Видя, что Конон Иванович опять нахмурился, Янкелевич стал придумывать, что еще сказать бы подходящее. Он вспомнил, что утром, проходя площадью, видел совсем готовый, наскоро сколоченный из досок с натянутой уж парусиной вместо крыши цирк и что цирк завтра открывается.
— Хорошо все-таки жить на свете! — воскликнул Янкелевич.
Конон Иванович, как укушенный, глянул на него.
— Что это вы запрыгали, Янкелевич?
— Вот цирк теперь приехал. Вы будете, конечно, на открытии, Конон Иванович?
— И без того много клоунов вокруг себя вижу, — отрезал Конон Иванович.
Янкелевич обиделся. Кстати, ему скоро надо было поворачивать в свой переулок. Уже явственно светало. Месяц провалился куда-то.
Проводив гостей, Яков Федорович Стубе закрыл рояль, погасил лампу и все свечи, кроме одной, снял свой праздничный костюм и надел халат и колпак. Подошел к двери и под длинным рядом черточек, обозначавших прожитые только в этом доме года, поставил еще одну. Со свечой в руках заглянул в зеркало.
— Фу-ты, ну-ты, Herr Стубе, хоть в гвардию, хоть куда! — сказал он, охорашиваясь.
Желтое, одутловатое, с синеватыми уже тенями в провалинах и морщинах, сонное, но довольное, но тщательно бреемое и моемое лицо вытягивалось из зеркала. В глазах бегал слабенький, старческий блеск возбуждения.
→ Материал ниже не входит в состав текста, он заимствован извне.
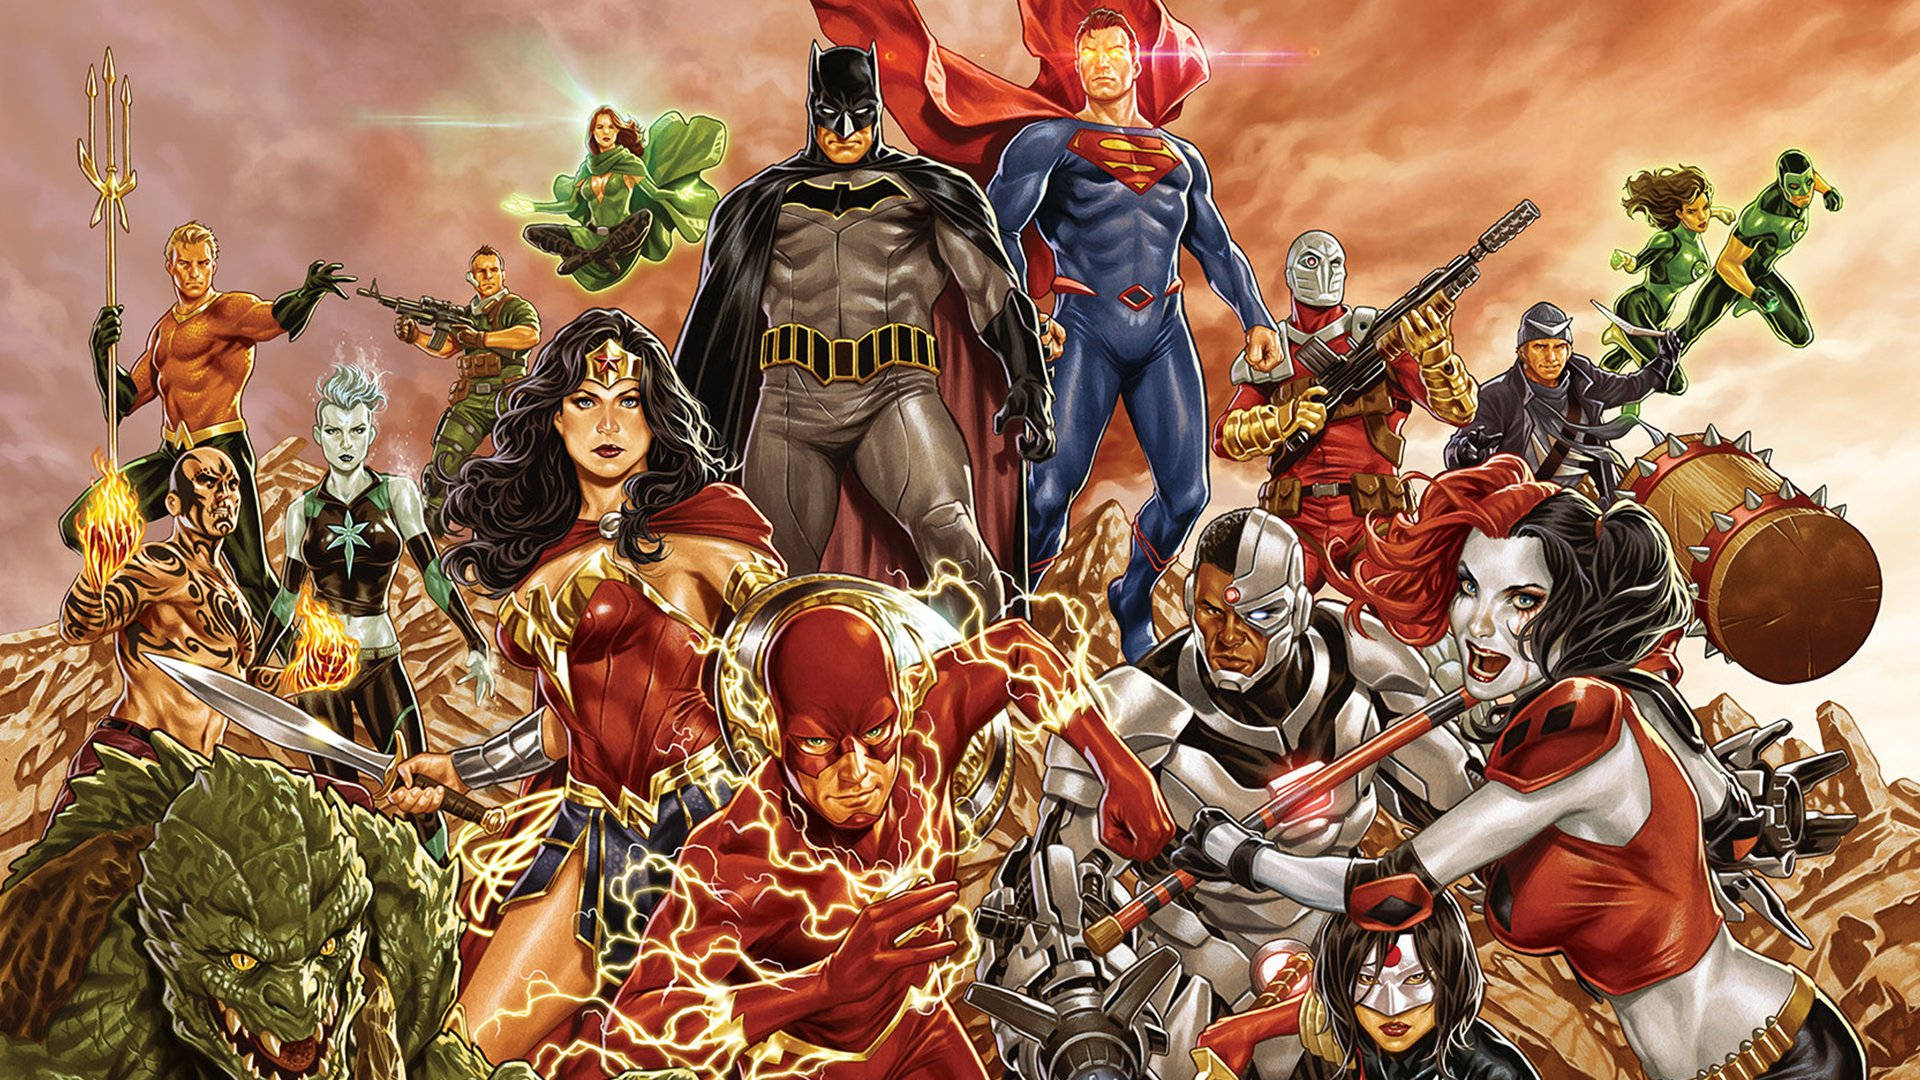 DC Superheroes In The Red Sky Wallpaper

— Hoch, Herr Стубе, hoch! — закричал он сам себе, одной рукой снимая колпак, а другой высоко поднимая свечу. И повернувшись по-военному, засвистал жидковатый марш какой-то времен покорения Франции.
Матильда Петровна сидела перед зеркалом в спальне. Скинув платье с высоких плеч, она вынимала шпильки из взбитых волос, вглядываясь в свое лицо, такое молодое еще недавно, такое еще теперь быстроглазое, но уж оплетаемое тонкой паутиной первых морщин. Теплая, сытая жизнь старила мягко, незаметно…
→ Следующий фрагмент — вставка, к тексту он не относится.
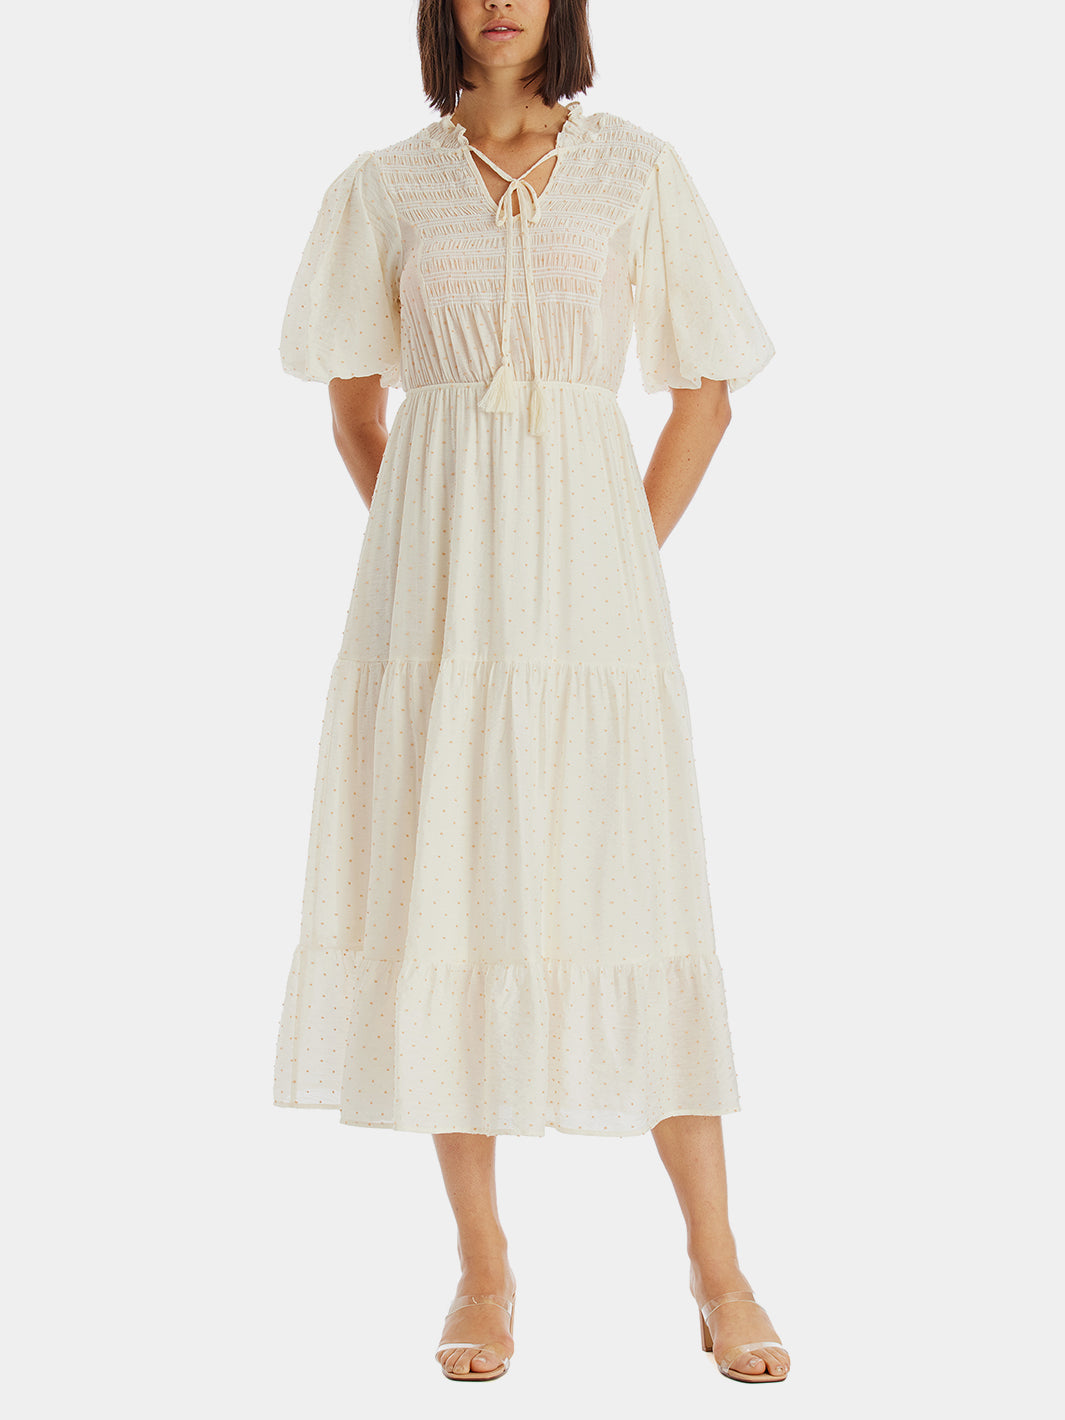 Dreamy Dresses – Lord & Taylor

— Мотьхен! — сказал Яков Федорович. — Смотри, какой я молодец. Да?..
— Да! — ответила Мотьхен, вздохнув.
— Не вздыхай, Мотьхен! Сегодня торжественный день.
Он грузно сел в кресло, раскуривая трубку. Память его лениво ползала, по-червячьи, где-то в пустоте прошлого.
— Да, если бы я не родился в этот день, что было бы с тобой, Мотьхен, а?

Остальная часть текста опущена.